The per-vehicle fuel economy benefit of optimizing the aerodynamics of a tractor can be high. OEMs offer a range of tractor “models,” reflecting broad design elements that are prioritized by each of a certain segment of the trucking industry.

The importance of tractor aerodynamics is well recognized, and is a major consideration of OEMs in designing their base models and they are constantly working to improve the performance of their tractors. Each base model is aerodynamically optimized by the OEM, which will view the entire tractor as a unified system interacting with the air flows.

In addition, there are other areas of the tractor where a fleet may choose to invest in additional aerodynamic devices to further optimize their tractor. This includes things like cab extenders, roof extenders, tractor-trailer gap devices, mirrors and cameras, sunshades, headlamps, bumpers, chassis fairings, drive wheel fairings, fifth wheel location and height, wheel covers and vented mud flaps.

Tractor Aerodynamics

Adding items like tractor-trailer gap devices, chassis fairings, drive wheel fairings and wheel covers, etc., to today’s already aerodynamic tractors, allows fleets to further improve fuel efficiency.

– Laura Ricart, Chief Engineer, Vehicle Performance Integration and Aerodynamics, Navistar

Benefits

Fuel Savings
Due to lower drag
1% to 10% depending on the devices chosen

Improves Stability and Rollover
Trailer aerodynamic devices add surface area to the trailers and modify the trailer air flows. These can slightly improve rollover physics in severe crosswind conditions.

Reduces Splash and Spray
Aerodynamic device equipped trailers reduce drag by improving air flow around the vehicle, which also helps to reduce splash and spray.

Reduces Driver Fatigue
Anecdotal feedback from drivers suggests that trailers equipped with aerodynamic devices are generally less taxing and maintain their lane with less frequent steering correction by the driver.

Challenges

Adds Weight
As trailer aerodynamic devices add weight the critical trade-off between aerodynamic performance improvement and increasing tare weight will depend on the weight-sensitivity of the fleet.
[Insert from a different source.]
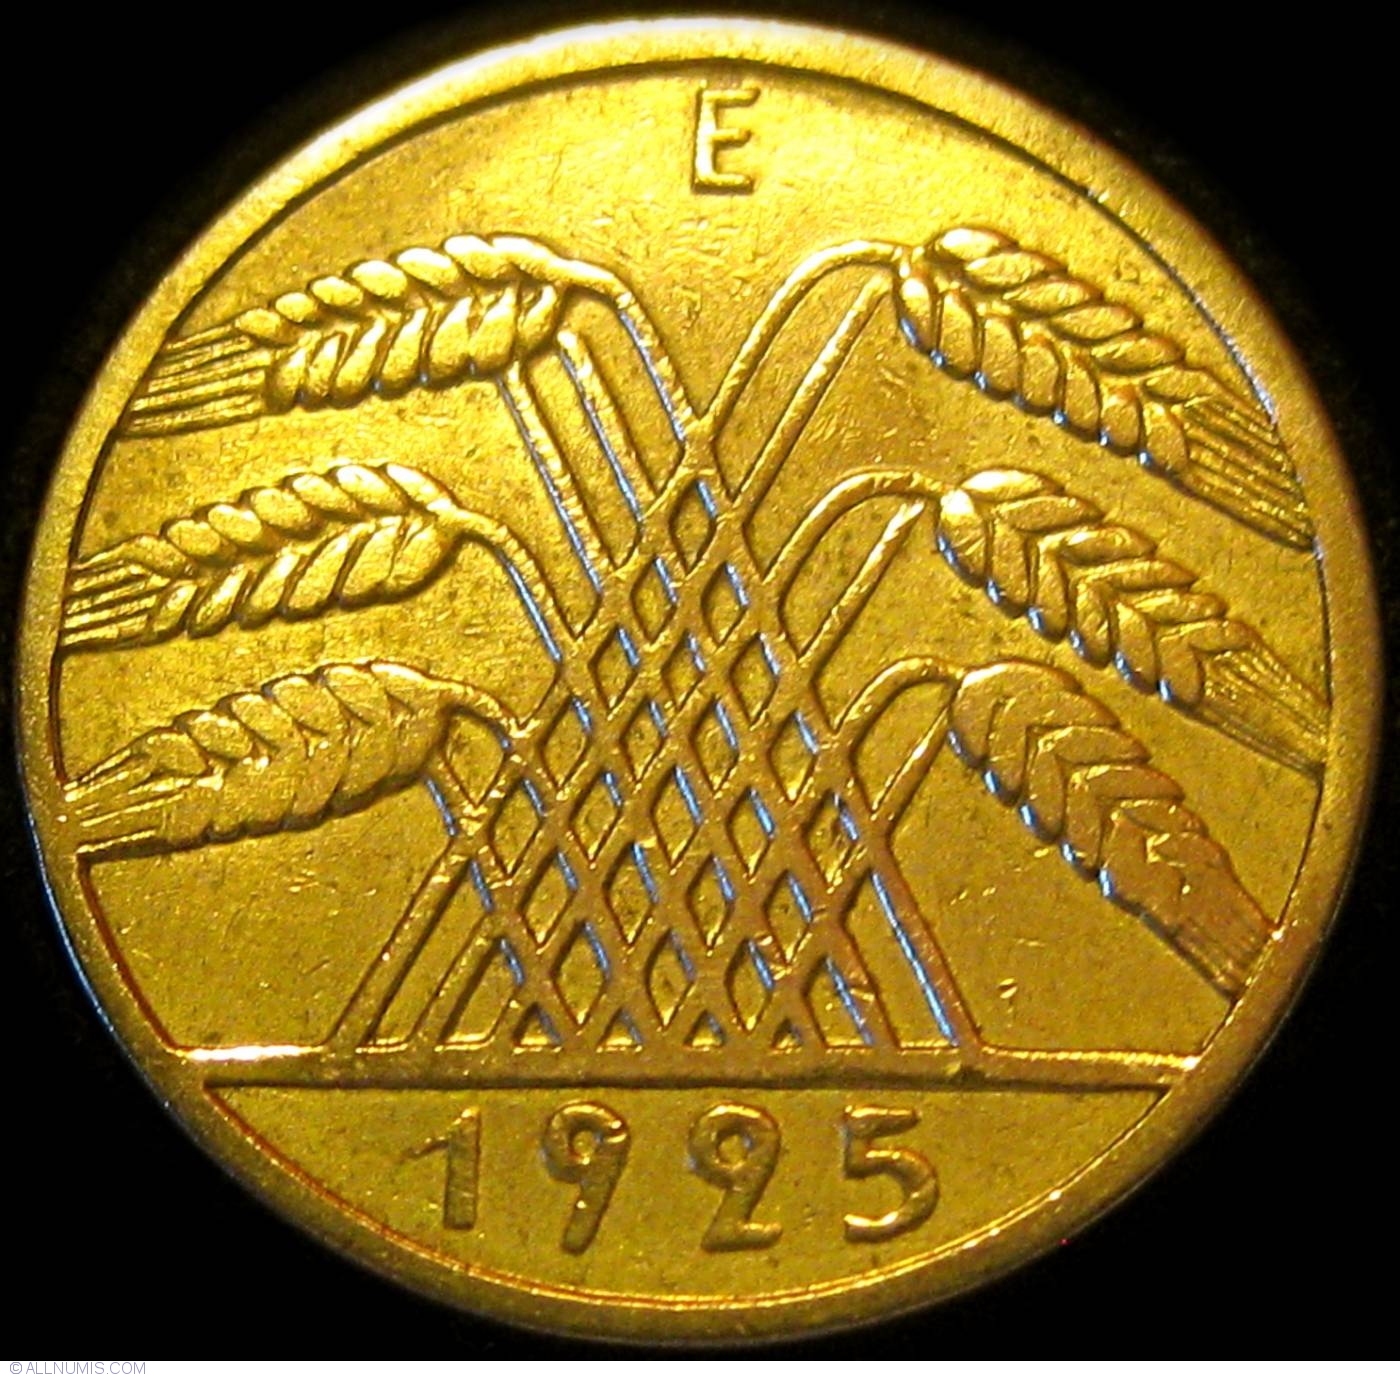 10 Reichspfennig 1925 E, Weimar Republic (1919-1932) - Germany - Coin - 23427

Difficulty Getting Accurate Comparisons Between Devices
The different methods used to test and analyze aerodynamic devices can make it difficult to do accurate comparisons.

Variance Among Aerodynamic Manufacturer Information
Information published by the device manufacturers varies greatly in content, format, and detail.

The Need to Optimize Tractor/Trailer Ratios
The tractor-trailer ratio will indicate the trailers actual annual mileage and the return on investment from the adoption of trailer aerodynamics.

Questions About Durability and Reliability
There are no standards for structural integrity of aerodynamic devices. To survive normal daily operations and should be subject to regular driver inspection and other audits.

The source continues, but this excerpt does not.